TF Serving
工作流程
主要分为以下几个步骤:
- Source会针对需要进行加载的模型创建一个Loader,Loader中会包含要加载模型的全部信息;
- Source通知Manager有新的模型需要进行加载;
- Manager通过版本管理策略(Version Policy)来确定哪些模型需要被下架,哪些模型需要被加载;
- Manger在确认需要加载的模型符合加载策略,便通知Loader来加载最新的模型;
- 客户端像服务端请求模型结果时,可以指定模型的版本,也可以使用最新模型的结果;
安装
TF Serving官方文档:https://www.tensorflow.org/tfx/guide/serving
docker
docker pull tensorflow/serving
下载
git clone https://github.com/tensorflow/serving
运行
docker run -p 8501:8501 \
--mount type=bind,\
source=/tmp/tfserving/serving/tensorflow_serving/servables/tensorflow/testdata/saved_model_half_plus_two_cpu,\
target=/models/half_plus_two \
-e MODEL_NAME=half_plus_two -t tensorflow/serving &
验证
curl -d '{"instances": [1.0, 2.0, 5.0]}' \
-X POST http://localhost:8501/v1/models/half_plus_two:predict
部署前
模型导出
import tensorflow as tf
import shutil
model = tf.keras.models.load_model('./cnn_model.h5')
# 指定路径
if os.path.exists('./Models/CNN/1'):
shutil.rmtree('./Models/CNN/1')
export_path = './Models/CNN/1'
# 导出tensorflow模型以便部署
tf.saved_model.save(model,export_path)
检查和测试
saved_model_cli show --dir ./Models/CNN/1 --all
输入部分数据
saved_model_cli run --dir ./Models/CNN/1 --tag_set serve --signature_def serving_default --input_exp 'input_1=np.random.rand(1,100)'
部署
from tensorflow.keras.preprocessing import sequence
import random
from sklearn.model_selection import train_test_split
from tensorflow.keras.callbacks import EarlyStopping, ModelCheckpoint
from tensorflow.keras.utils import to_categorical
from utils import *
import json
import numpy
import requests
import jieba
# 路径等配置
data_dir = "./processed_data"
vocab_file = "./vocab/vocab.txt"
vocab_size = 40000
# 神经网络配置
max_features = 40001
maxlen = 100
batch_size = 256
embedding_dims = 50
epochs = 8
print('数据预处理与加载数据...')
# 如果不存在词汇表,重建
if not os.path.exists(vocab_file):
build_vocab(data_dir, vocab_file, vocab_size)
# 获得 词汇/类别 与id映射字典
categories, cat_to_id = read_category()
words, word_to_id = read_vocab(vocab_file)
text = "这是该国史上最大的一次军事演习"
text_seg = encode_sentences([jieba.lcut(text)], word_to_id)

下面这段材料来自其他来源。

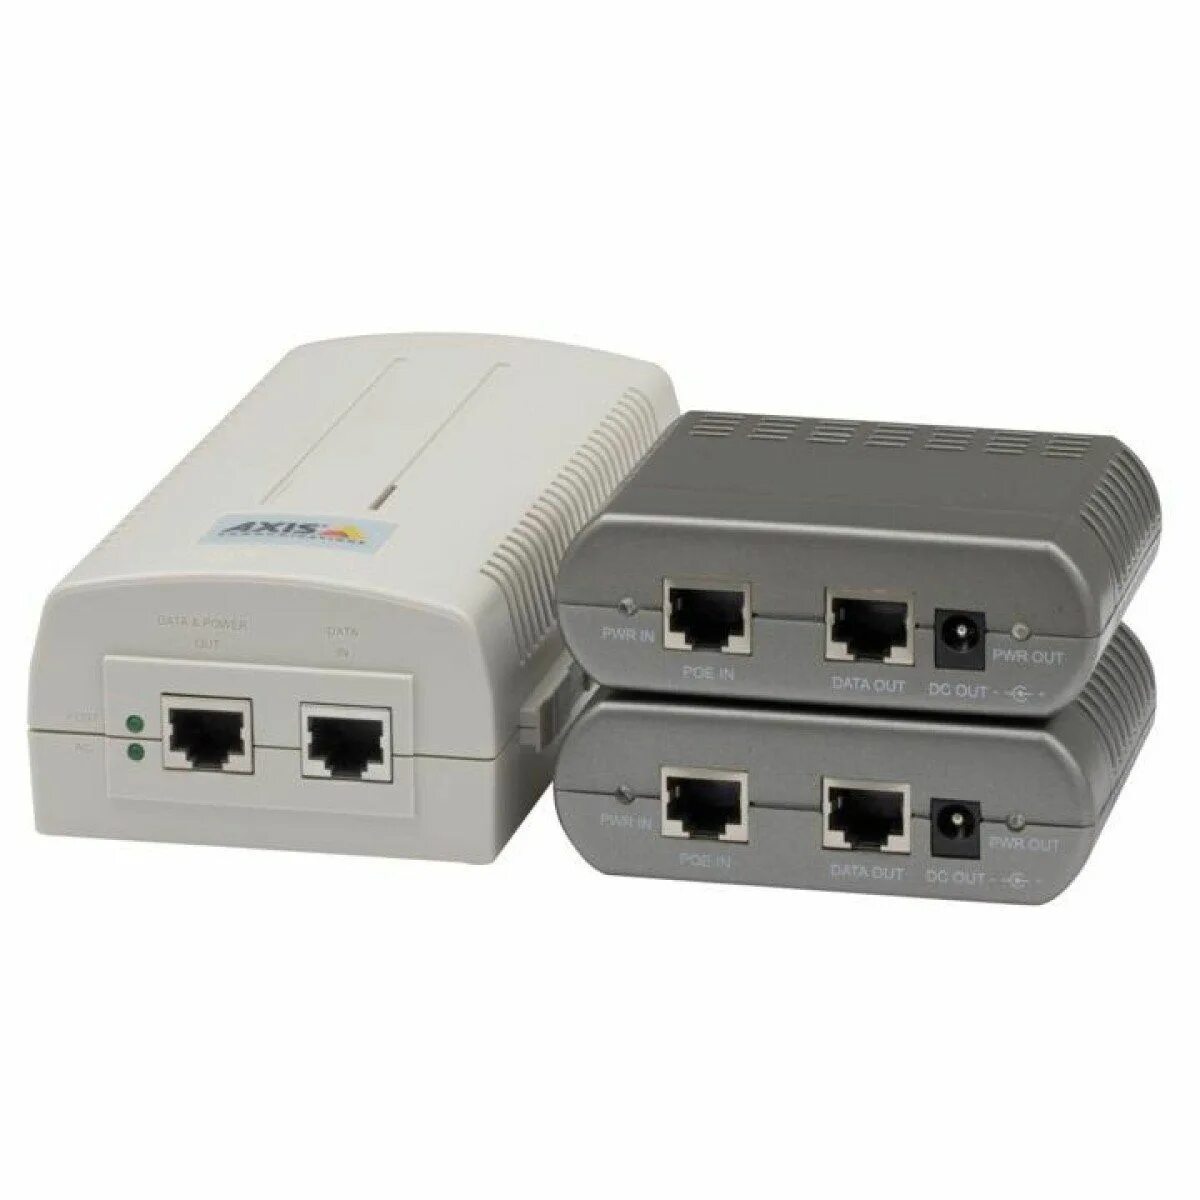 Poe 1 порт. Axis t8123 High POE Midspan. Axis t8124 High POE 60w Midspan 1-Port. Axis t8123 High POE 30w. Инжектор POE Axis t8120 Midspan 1-Port 5026-202.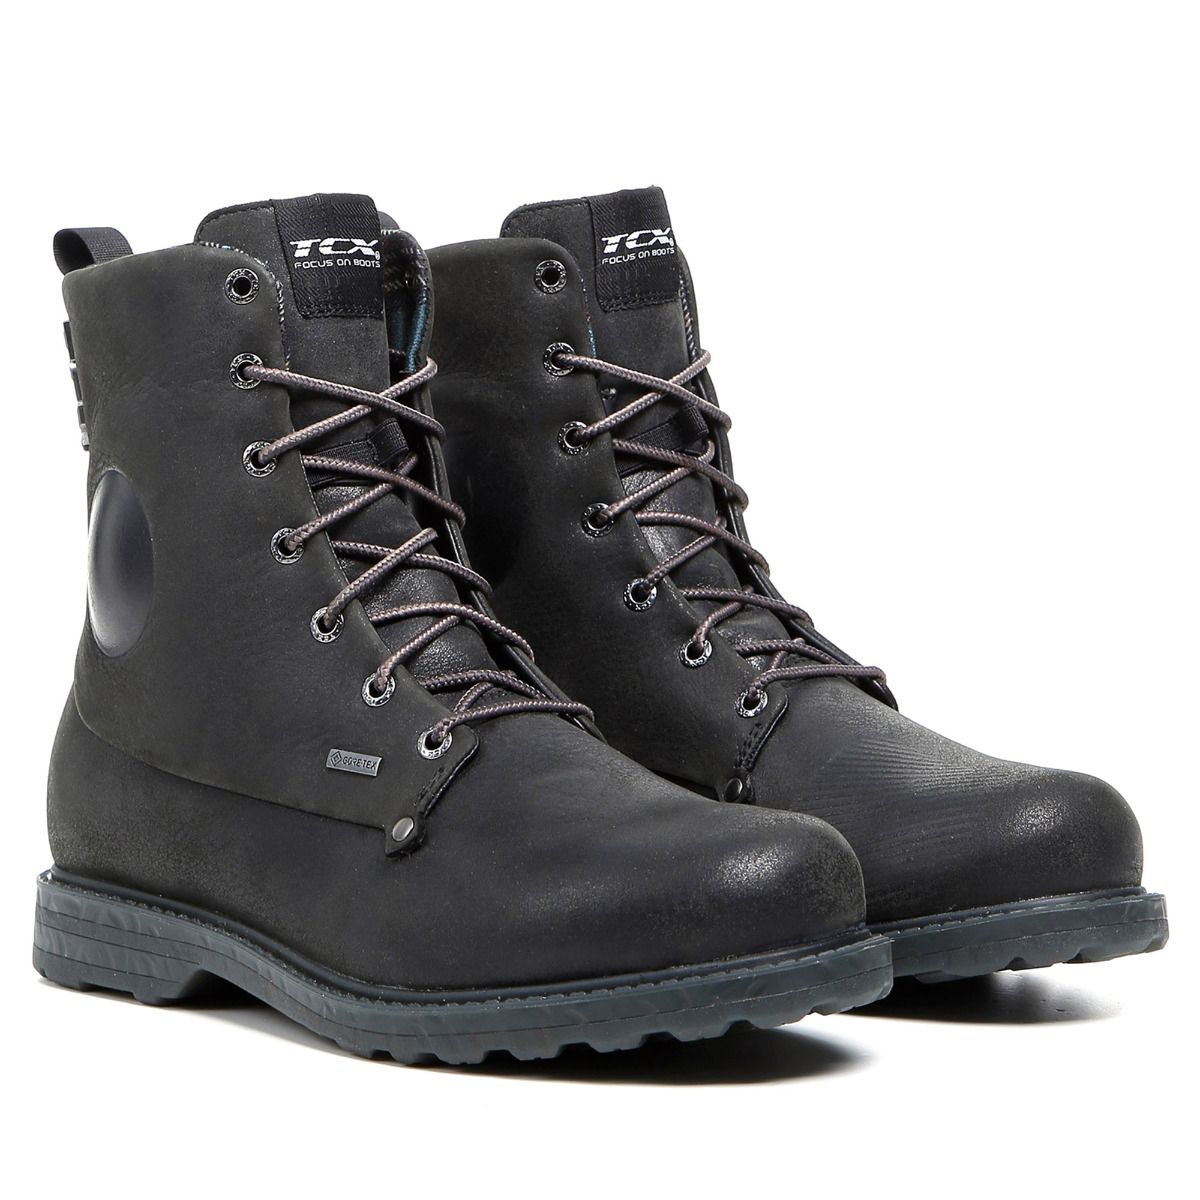 Image of TCX Boot Blend 2 Gore-Tex Black Size 45 ID 8000958234399

text_input = sequence.pad_sequences(text_seg, maxlen=maxlen)
data = json.dumps({"signature_name": "serving_default",
"instances": text_input.reshape(1,100).tolist()})
headers = {"content-type": "application/json"}
json_response = requests.post('http://localhost:8505/v1/models/default:predict',
data=data, headers=headers)
#print(json.loads(json_response.text))
print(json_response.text)